For me, this is running and classes. I’m always fighting to turn off my mind, and there’s nothing like going for a run to reduce life down to something as simple as putting one foot in front of the other. This isn’t to say all kinds of running works for me. I hate running on a treadmill. I’ll do it (I melt in the rain, you know) but nothing makes me feel more free than watching scenery pass as I run by. As much as I like being alone with my thoughts on a run, I’m so much more motivated if I meet people for a run. That’s because I’m super social, and being around people motivates me. Which is why classes really work for me. I’m so blessed to have friends at my gym, but even knowing there’s a whole room of strangers meeting up to work out really works for me. I’m more and more convinced that everyone has something they can get into exercise-wise, if they only cared to find it.
I have no core.
At all. My trainer has been working with me to build core muscles and overall lean muscle to help support my running. I can do a wussy plank for 30 seconds before collapsing. But that’s fifteen more seconds than I could do the first time. My core is sore for days after we meet, but I’m becoming aware of muscles I didn’t know I had before. I have to build my core and lean muscle mass, because it will make me a stronger runner, better at yoga (also on The List), and (one day) make bearing a child easier.
It’s all mental.
The more I learn about my body, the more I realize that I am limited only by my own belief in myself. Working out with a trainer has really underlined the truth of that for me. My trainer tells me I can do something I haven’t done before, and I psych myself out before I get there. It reminds me of the first time I ran a whole mile. I was running with a TNT mentor, and I wanted to drop down to a walk after a few minutes. He kept urging me on, saying to try to keep it up for just a little longer. Until I hit a mile. Without realizing it. I kind of shut down a bit and decided to turn back, since that was the farthest I’d moved in a long time, much less ran. On my way back, I decided to keep running and see what I could do. I kept wanting to stop, and after almost giving in a few times I did a physical check on how my body was doing. Was I breathing hard? Yes, but it was a normal amount and manageable. Was my heart feeling stressed? No. Were my legs tired? Nope. Feet? Nuh-uh. Which left only one thing; I’d never run that far before, so my brain was reacting by sending signals along the lines of, “danger, danger, this in uncharted territory. You’ve never done this before, you’d better stop before something scary happens.” Only nothing scary was coming. After that, I’ve done my darndest to not self-sabotage just because I haven’t done something before. Which brings me to my next point…

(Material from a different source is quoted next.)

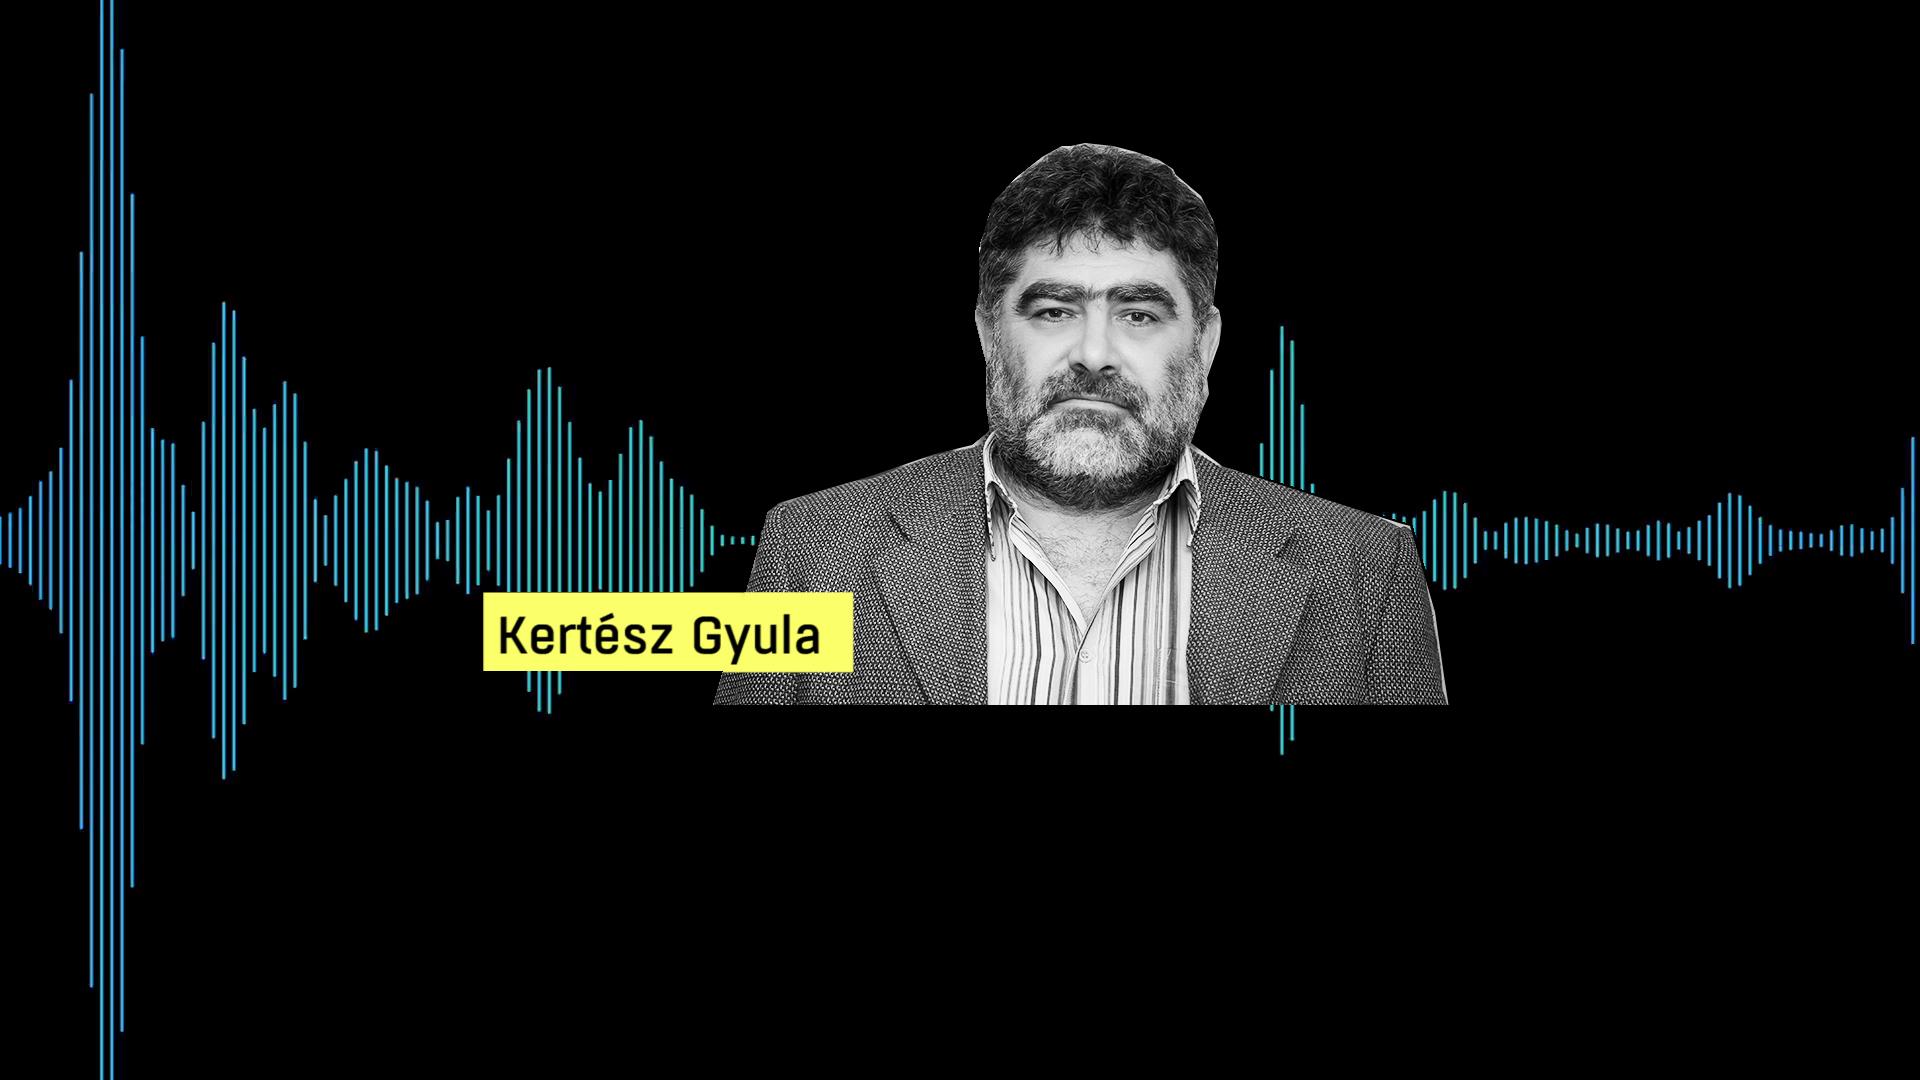 Választási csalásról szóló eszmefuttatást adott elő a Gyömrőt vezető csoport elnöke a helyi fideszeseknek egy hangfelvételen

I’ll try (almost) anything once.
Kick boxing, Yoga, Zumba, Boot Camp, Core Focus, Pilates, you name it, I want to take it. But, as I said earlier it’s important to know yourself. I have no interest in water aerobics or anything involving spinning. You have to be a very special kind of
crazy person to enjoy strength training while perched on a hard, skinny bicycle seat.

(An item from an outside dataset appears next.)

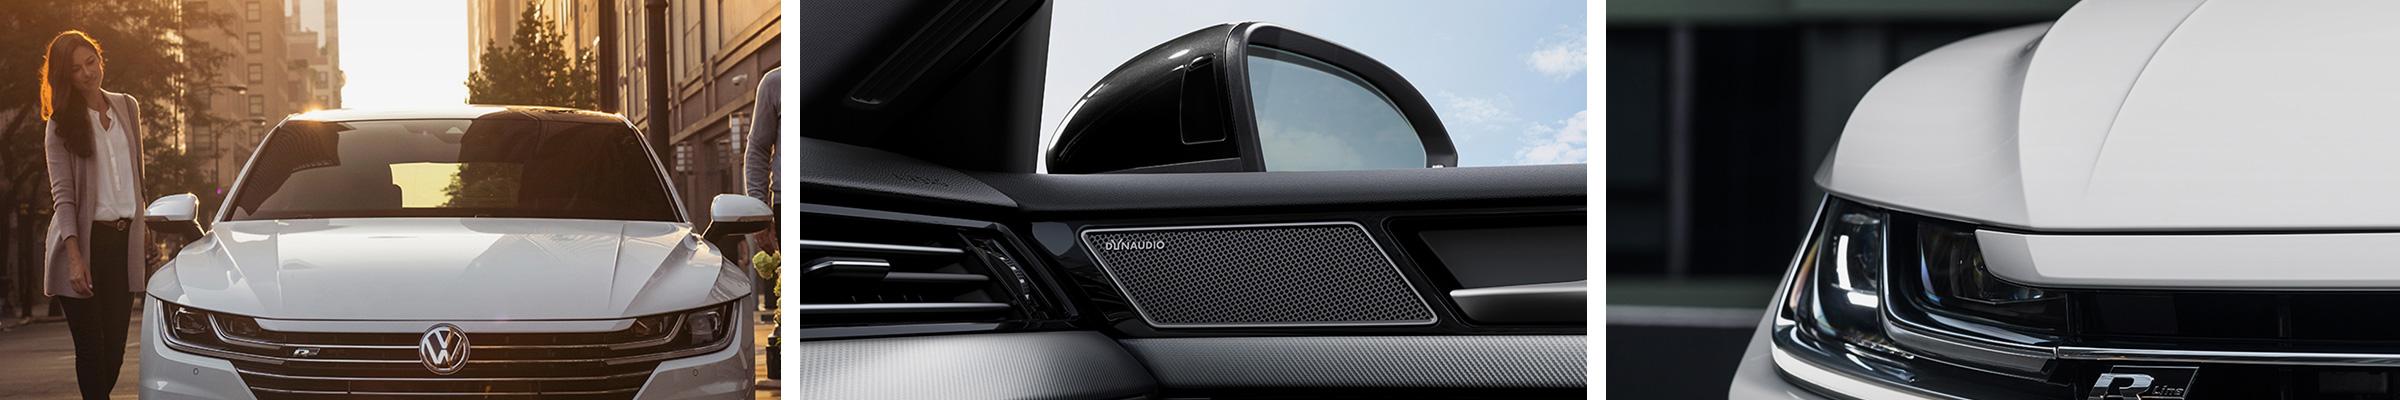 2020 Volkswagen Arteon For Sale Amarillo TX | Lubbock

If losing weight were easy, everyone would do it.
It’s hard, I’m not going to lie. Working out, especially with a trainer has made me face some uncomfortable realities about myself. I’ve never learned to work out, and I’ve not been a good steward of the body I’ve been blessed with. It’s like going to therapy. It’s not pleasant, it doesn’t feel great in the moment, but I go through it because, ultimately, being healthy worth it.